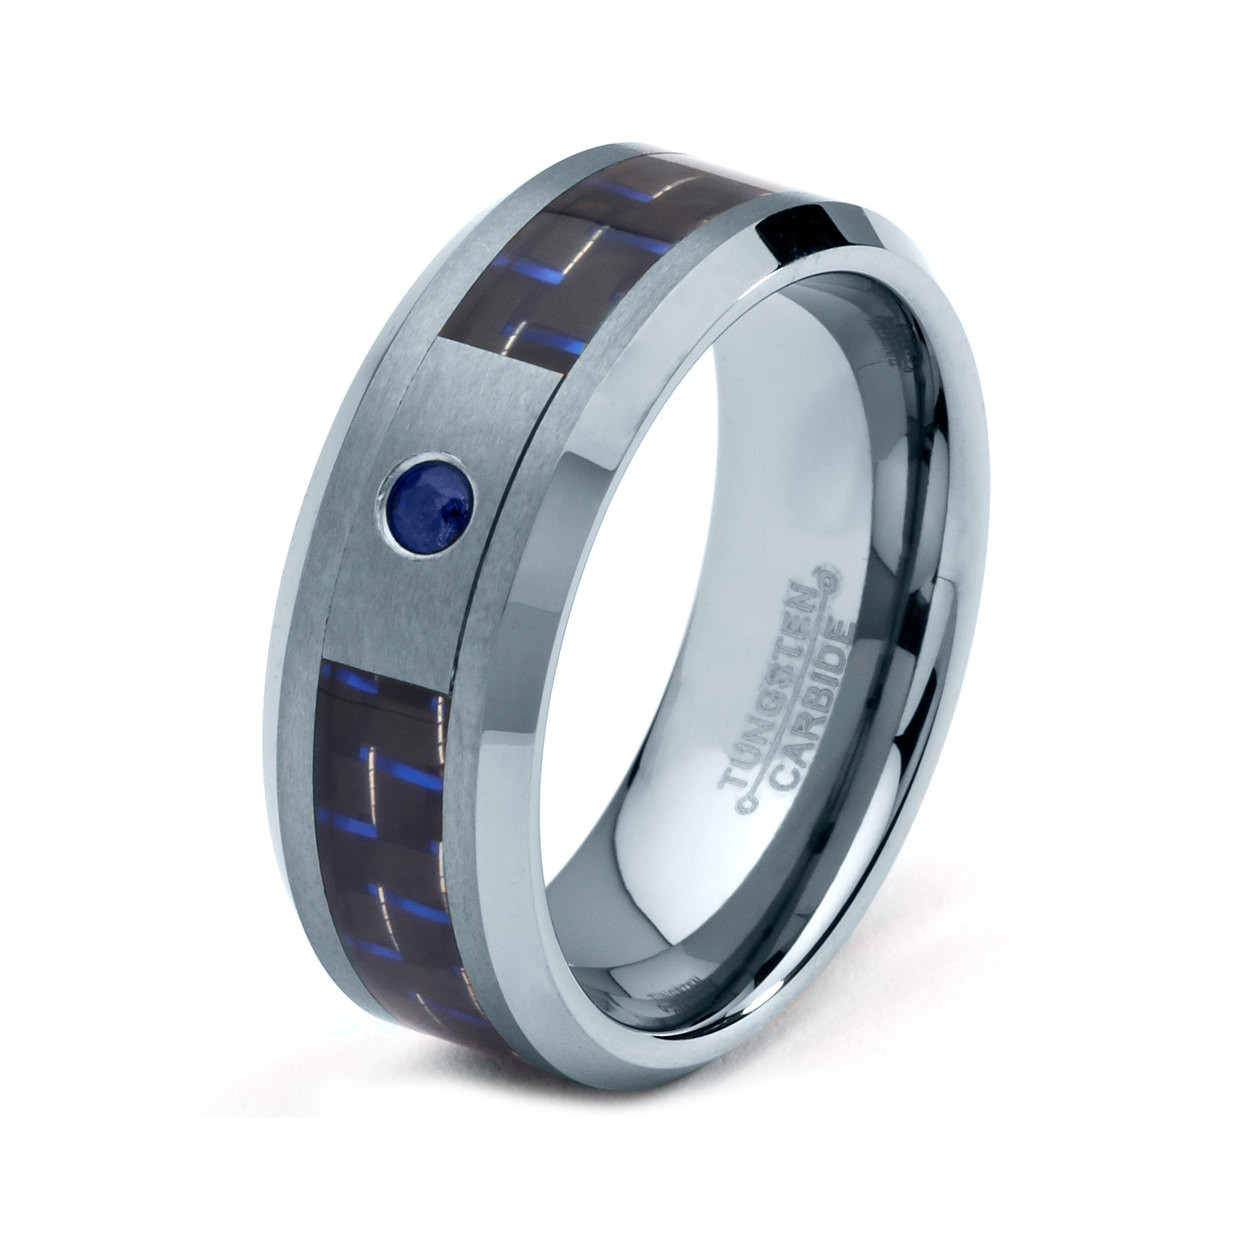 Mens Wedding Bands Tungsten Carbide
 Unavailable Listing on Etsy
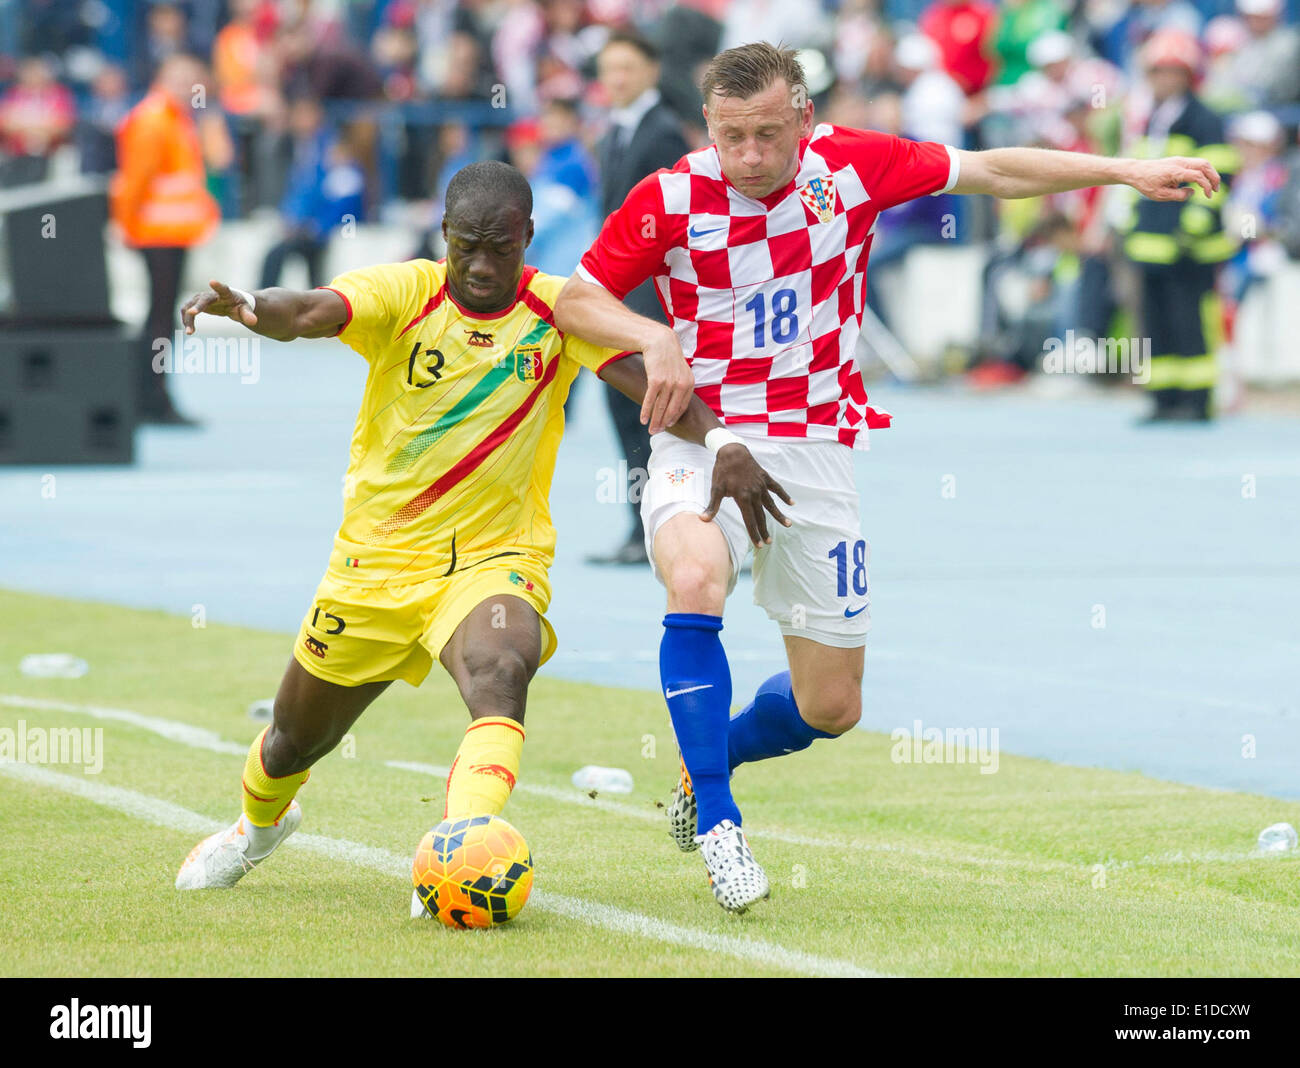 Osijek, Croatia. 31st May, 2014. Ivica Olic of Croatia (R) vies with Idrissa Coulibaly of Mali during the friendly match in Osijek, Croatia, May 31, 2014. Croatia won 2-1. Croatia will play Brazil in the opening game of the 2014 World Cup in Sao Paulo on June 12. Credit:  Miso Lisanin/Xinhua/Alamy Live News Stock Photo
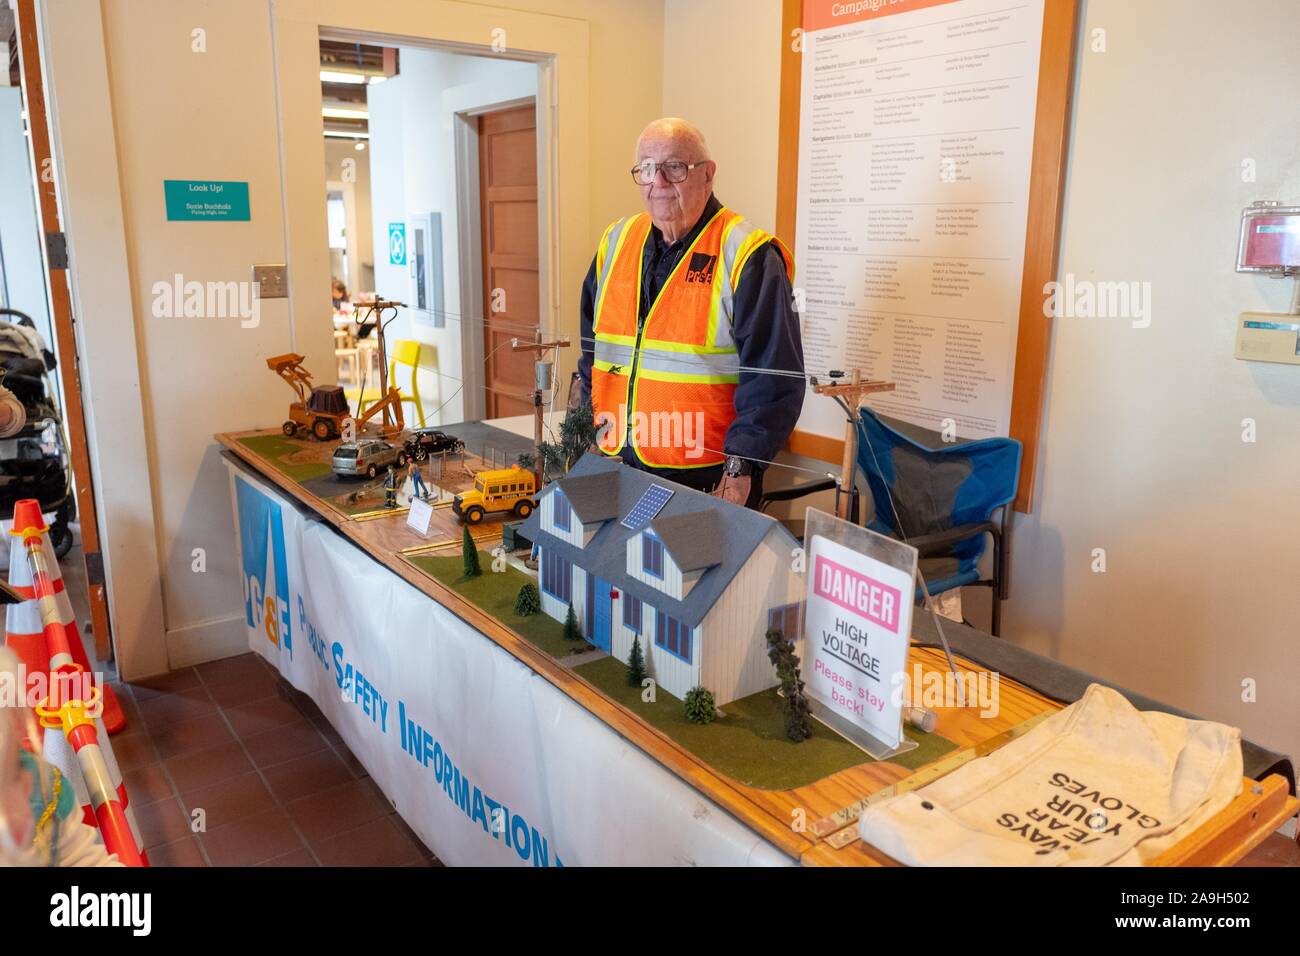 An employee of Pacific Gas and Electric Company (PGE) uses a diorama to demonstrate risks associated with electrical power lines during a public safety demonstration following the Public Safety Power Shutoff affecting the San Francisco Bay Area, Sausalito, California, October 19, 2019. () Stock Photo

* AIM OF THE TASK
Copy every line of the listing above exactly. Leave each picture out.

* EXERCISE ANSWER
 Mens Wedding Bands Tungsten Carbide
 Unavailable Listing on Etsy
 Osijek, Croatia. 31st May, 2014. Ivica Olic of Croatia (R) vies with Idrissa Coulibaly of Mali during the friendly match in Osijek, Croatia, May 31, 2014. Croatia won 2-1. Croatia will play Brazil in the opening game of the 2014 World Cup in Sao Paulo on June 12. Credit:  Miso Lisanin/Xinhua/Alamy Live News Stock Photo
 An employee of Pacific Gas and Electric Company (PGE) uses a diorama to demonstrate risks associated with electrical power lines during a public safety demonstration following the Public Safety Power Shutoff affecting the San Francisco Bay Area, Sausalito, California, October 19, 2019. () Stock Photo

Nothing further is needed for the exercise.